======== DATA PROVIDED ========

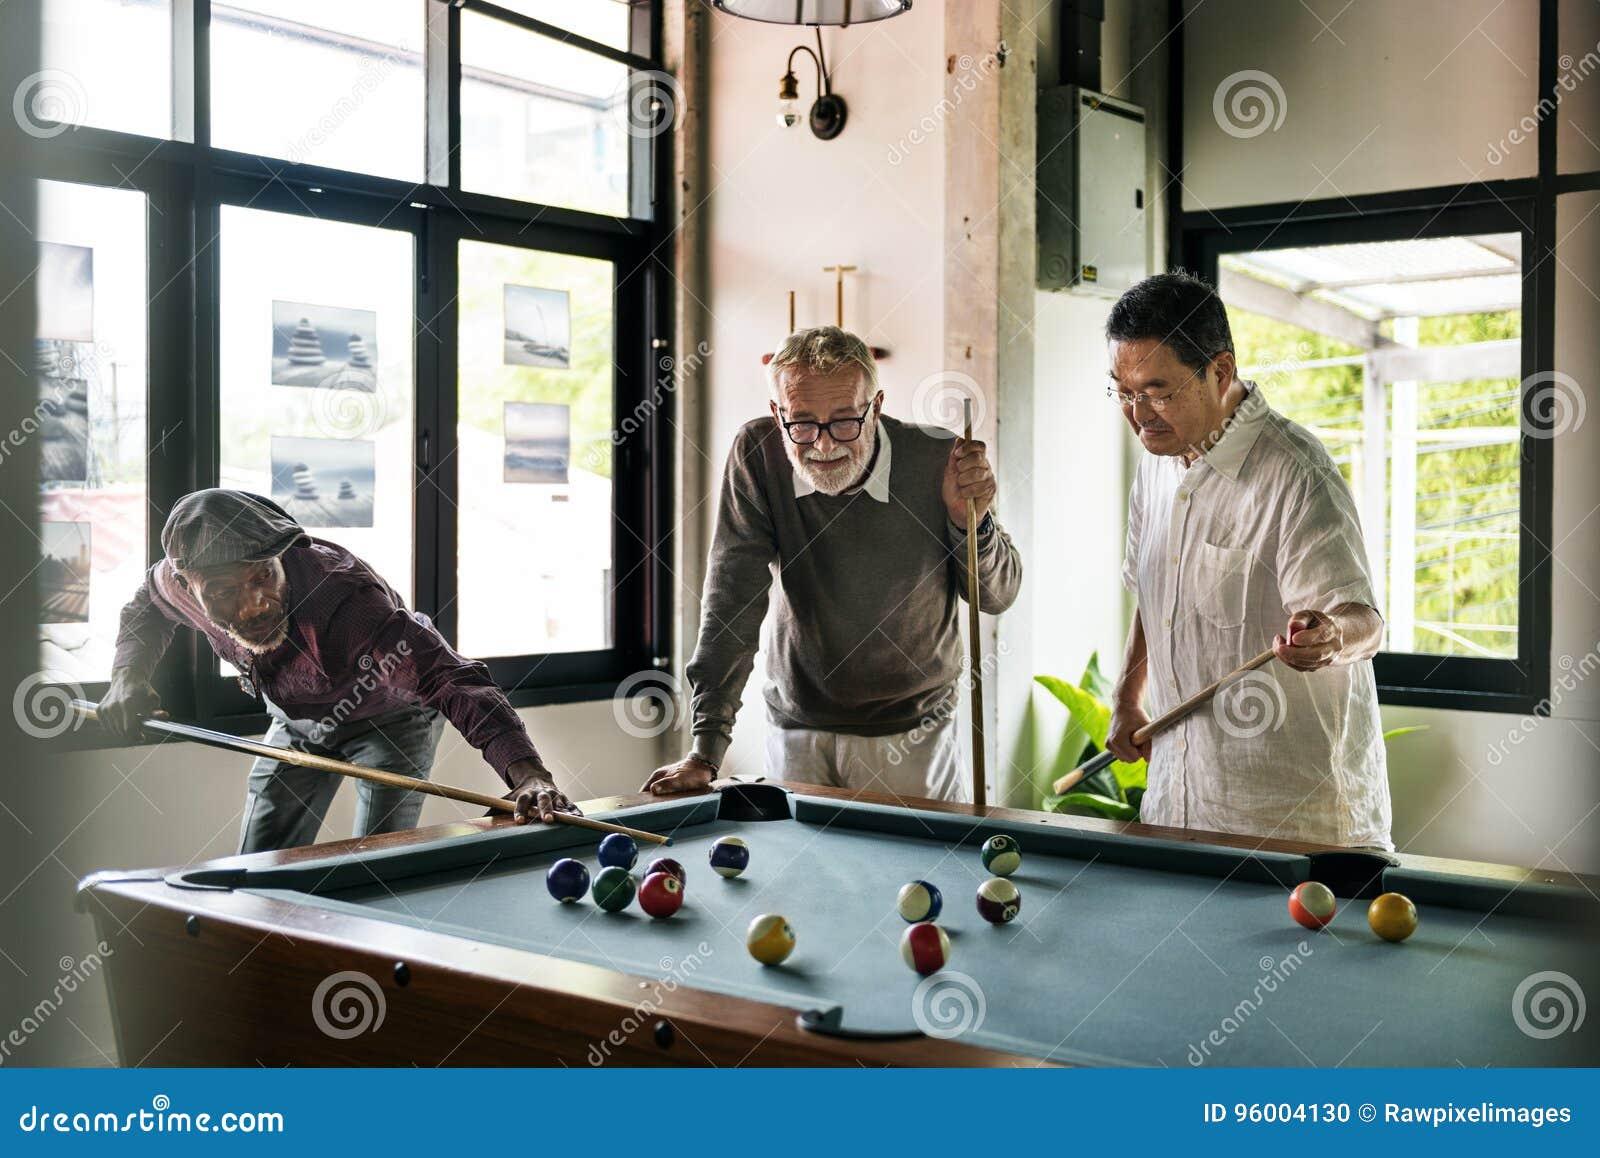 Πυροβοληθείσα έννοια παιχνιδιών ομάδας ελεύθερου χρόνου λεσχών σφαιρών μπιλιάρδου αθλητισμός
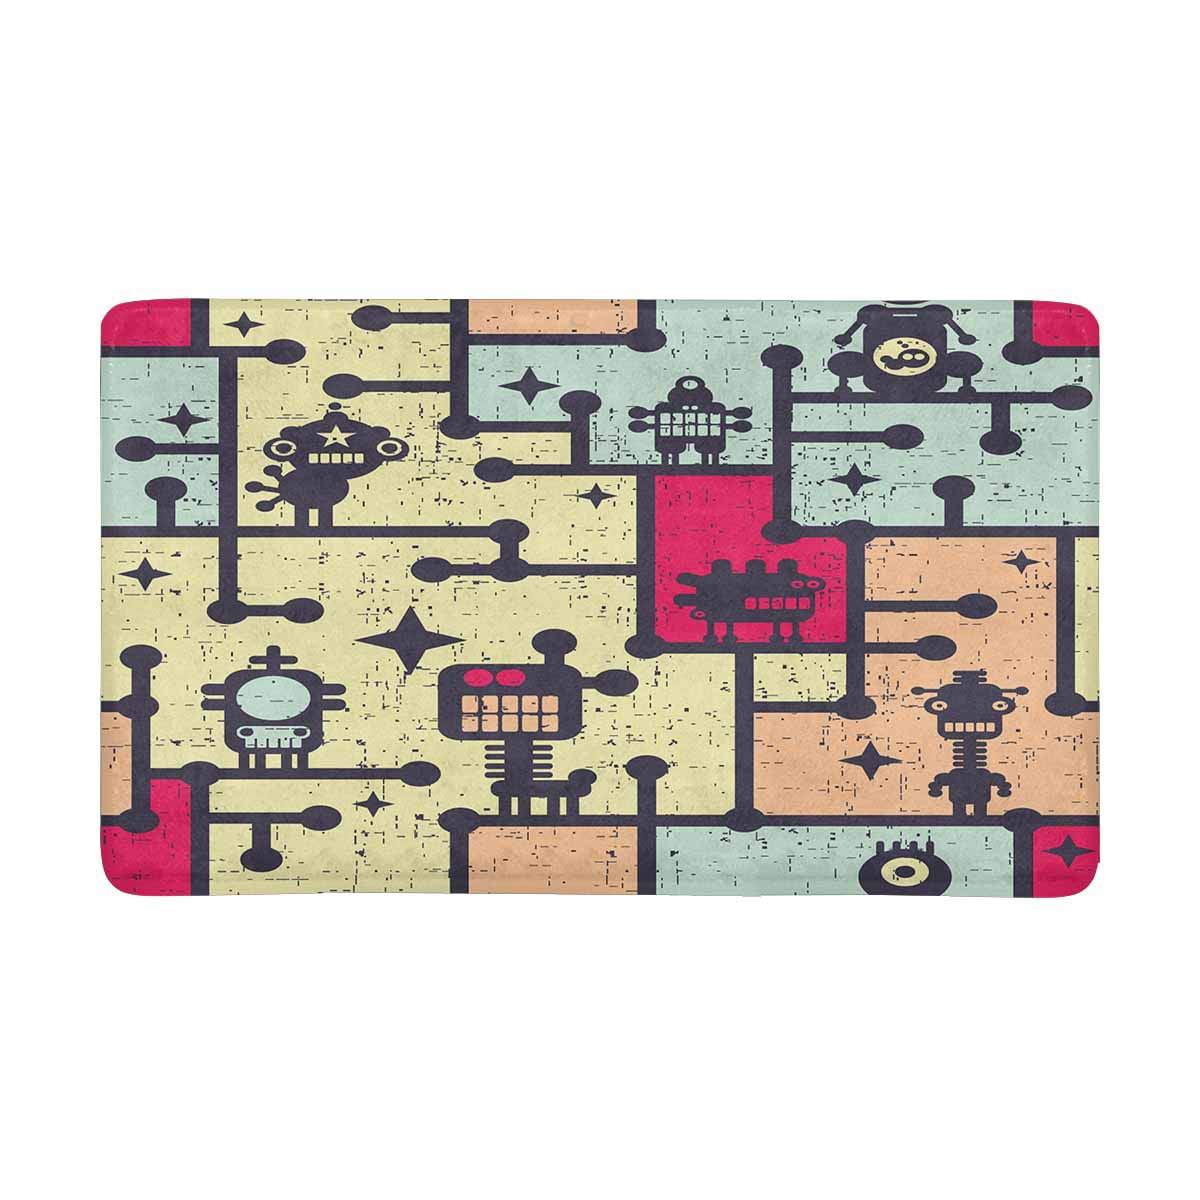 Pop Robot And Monsters Colorful Doormat Non Slip Indoor And Outdoor Door Mat Rug Home Decor Entrance Rug Floor Mats 30x18 Inches Walmart Canada
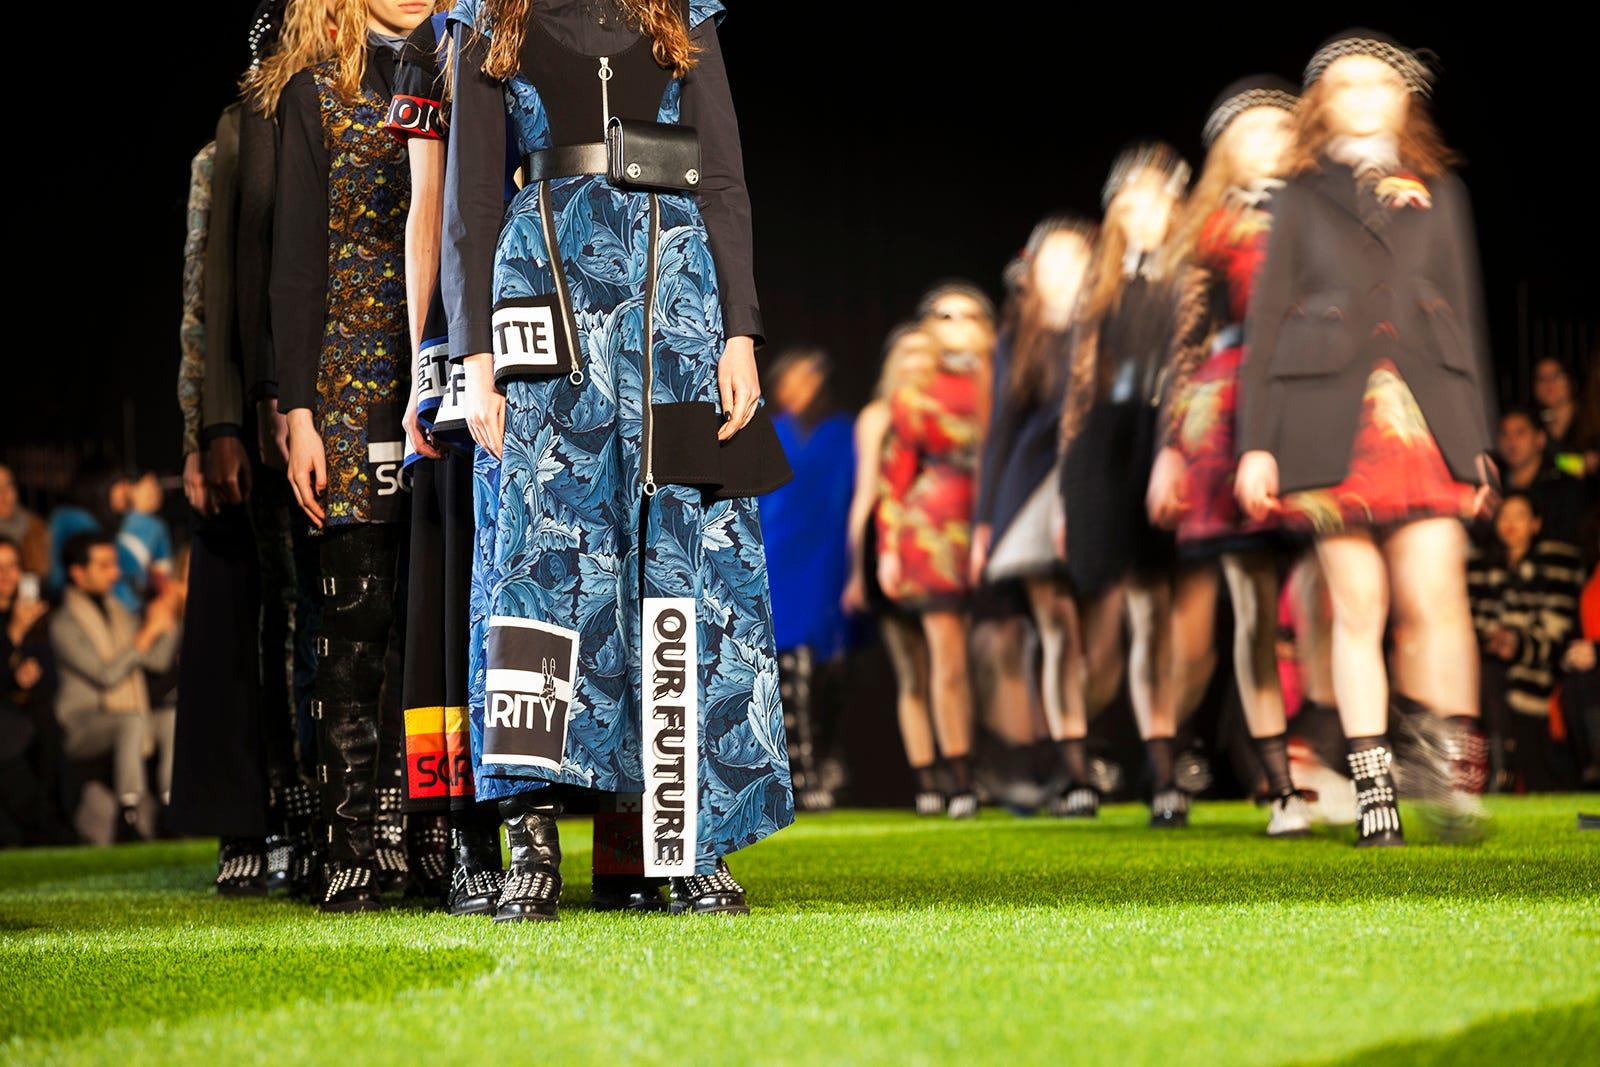 nyfw 2015 models catwalk runway unique shoes

========

▶ **PROBLEM DESCRIPTION**
The expected output is the full material above, unaltered, with pictures removed.

▶ **SOLUTION TO THIS TASK**
 Πυροβοληθείσα έννοια παιχνιδιών ομάδας ελεύθερου χρόνου λεσχών σφαιρών μπιλιάρδου αθλητισμός
 Pop Robot And Monsters Colorful Doormat Non Slip Indoor And Outdoor Door Mat Rug Home Decor Entrance Rug Floor Mats 30x18 Inches Walmart Canada
 nyfw 2015 models catwalk runway unique shoes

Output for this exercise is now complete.